Pricing on the new term loan is SOFR plus 350 bps with a 1% floor and no CSA, and the debt has 101 soft call protection until March 2024.

The new term loan will be fungible with the company’s existing $461 million term loan due April 15, 2028.

Recommitments were due at 5 p.m. ET on Thursday, the source added.

Barclays is leading the deal that will be used to reprice an existing roughly $233 million term loan B down from SOFR+CSA plus 375 bps with a 1% floor, to fund a distribution to ArcLight and to pay transaction costs.
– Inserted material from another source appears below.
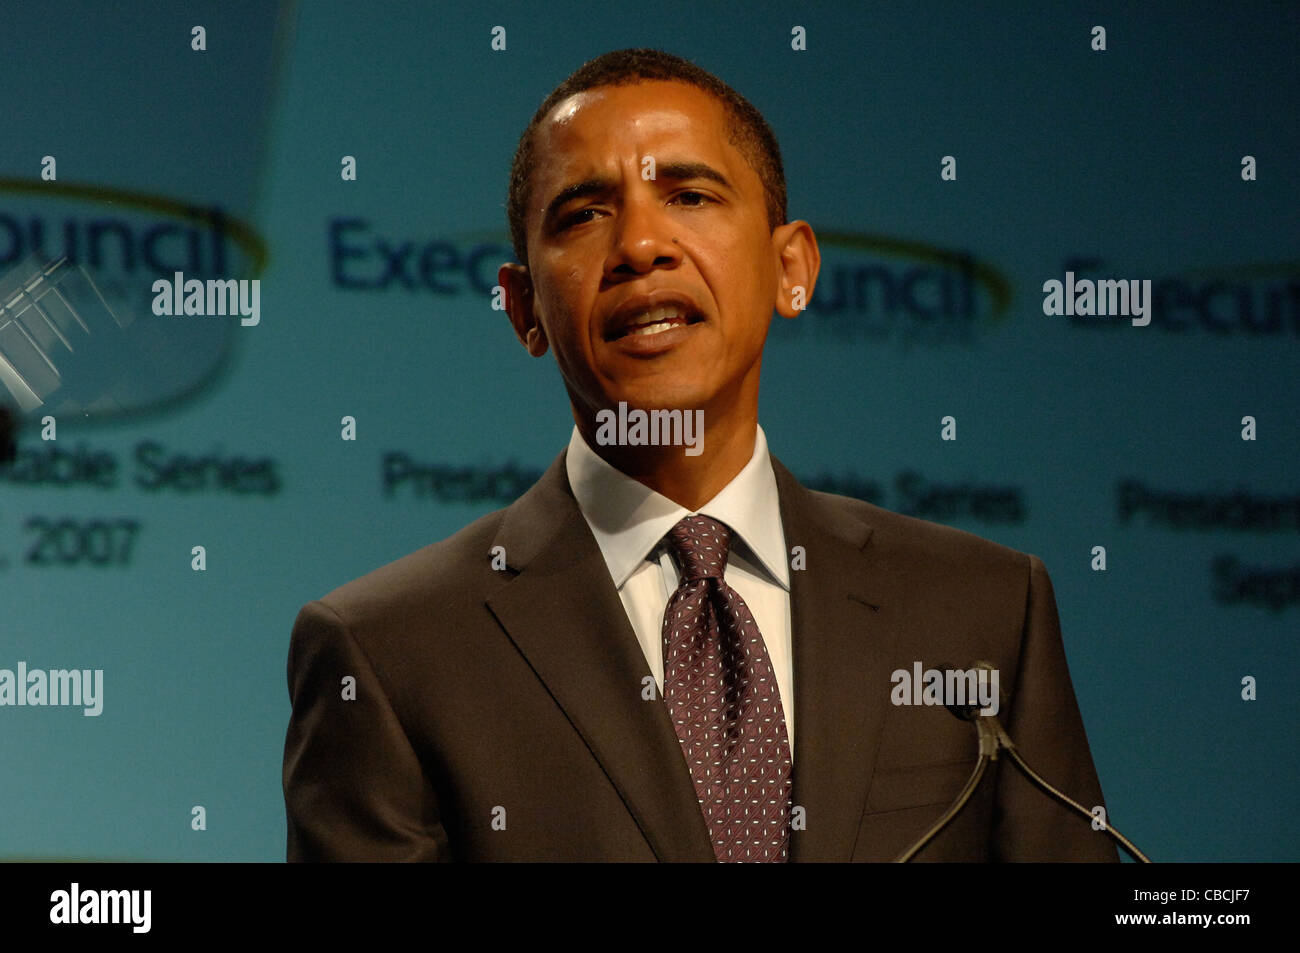 Candidat présidentiel sénateur de l'Illinois Barack Obama parle de l'économie Banque D'Images

The existing CSA is ARRC standard of 11.448 bps one-month rate, 26.161 bps three-month rate and 42.826 bps six-month rate.

NGPL is a FERC-regulated natural gas pipeline system.

TouchTunes tweaked

TouchTunes raised its fungible incremental covenant-lite first-lien term loan due April 1, 2029 to $155 million from $140 million and tightened the original issue discount to 99 from 98.789, according to a market source.

Pricing on the incremental term loan is SOFR plus 525 bps with a 0.5% floor, and the debt has 101 soft call protection for six months.

Commitments were due on Thursday afternoon, the source added.

Citizens Bank is leading the deal that will be used to pay down a portion of the company’s existing second-lien term loan and to fund a shareholder distribution.

TA Associates is the sponsor.

TouchTunes is a New York-based music distributor through a network of jukeboxes.

Forefront upsized

Forefront Dermatology raised its non-fungible incremental first-lien term loan (B2/B) due April 1, 2029 to $110 million from $100 million, firmed pricing at SOFR plus 550 bps, the high end of the SOFR plus 525 bps to 550 bps talk and set the original issue discount at 97.5, the midpoint of the 97 to 98 talk, a market source remarked.

The incremental term loan still has a 0.5% floor and 101 soft call protection for six months.

Allocations went out on Thursday, the source added.

UBS Investment Bank is leading the deal that will be used to repay revolver drawings and to fund acquisitions under letters of intent.

Partners Group is the sponsor.

Forefront Dermatology is a Manitowoc, Wis.-based dermatology physician practice.

Nemera revised

Nemera added a $75 million covenant-lite term loan B due January 2029 to its capital structure that is priced at SOFR plus 500 bps with 25 bps step-downs at 4.5x and 4x senior secured net leverage, a 0% floor and an original issue discount of 98, according to a market source.

The company also downsized its euro covenant-lite term loan B due January 2029 to €525 million from €590 million, revised the pricing step-downs to two 25 bps step-downs at 4.5x and 4x senior secured net leverage, from three step-downs at 4.75x, 4.25x and 3.75x senior secured net leverage, and changed the original issue discount talk to a range of 98 to 98.5 from a range of 97.5 to 98, the source continued.

Pricing on the euro term loan remained at Euribor plus 500 bps with a 0% floor.

Both term loans (B3/B-) have 101 soft call protection for six months.

HSBC, ING, Natixis and UniCredit are the physical bookrunners on the deal. Natixis is the agent.

The term loans will be used to extend by three years an existing €460 million term loan B, which includes a U.S. carve-out, to partially refinance second-lien debt and for general corporate purposes.

Nemera, owned by Astorg and Montagu, is a France-based manufacturer of drug delivery devices.

Fund flows

In other news, actively managed loan fund flows on Wednesday were negative $27 million and loan ETFs were positive $103 million, sources said.

The tracking estimate for Thursday night’s weekly Lipper numbers for loans are inflows totaling $215 million, sources added.